И вот настал день, когда сотрудник Британского Совета меня одного посадил в автомобиль, отвёз в Редингский университет, представил руководству факультета сельского хозяйства, смотрителю - уордену (warden) и… уехал. Уорден сообщил мне, что я буду жить, как и все студенты в университетском общежитии с трёхразовым питанием. Оплата за всё составляла 25 фунтов стерлингов в месяц, что соответствовало ровно половине моей стипендии.

Здание университета старинное готической архитектуры, с виду похоже на монастырь, да университет и начинался когда-то с монастырской школы. Уорден провёл меня в персональную келью с одним узким стрельчатым окном. Обстановки – никакой, кроме узкой железной кровати, пристенного столика и полки с крючками для одежды. Все другие удобства – направо или налево по коридору. Я остался один на один с неведомой мне жизнью и вдруг остро ощутил, что моего блиц-приобретённого тракторно-овощного английского языка - крайне недостаточно даже для простейшего разговора на простейшие житейские темы.

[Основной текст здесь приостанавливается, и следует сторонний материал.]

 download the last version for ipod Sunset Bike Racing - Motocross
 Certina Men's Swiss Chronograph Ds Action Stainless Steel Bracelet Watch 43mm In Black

Кошмар! Время подходит к ужину, а у кого и как спросить о столовой, а как заказать ужин? Подумал было: «Не пойду, переночую без ужина. Но, а как же быть завтра с завтраком, да и с обедом? Так и помереть с голоду недолго». Вышел за дверь в корридор и у первого попавшегося рыжего юнца в длинной чёрной мантии спросил о столовой. Он с интересом посмотрел на меня и повёл по узким коридорам. При этом я, с удивлением и радостью, отметил, что он понял мой вопрос.

Однако, положение оказалось хуже, чем я мог себе представить. На пути к столовой нас встретил уорден и попросил меня следовать за ним. Из какой-то комнатушки он вынес мантию и попросил меня её надеть, так как без мантии находиться на территории университета, тем более входить в столовую не положено. Накинул я её на плечи, и меня охватило чувство новобранца, которого только что наголо обрили.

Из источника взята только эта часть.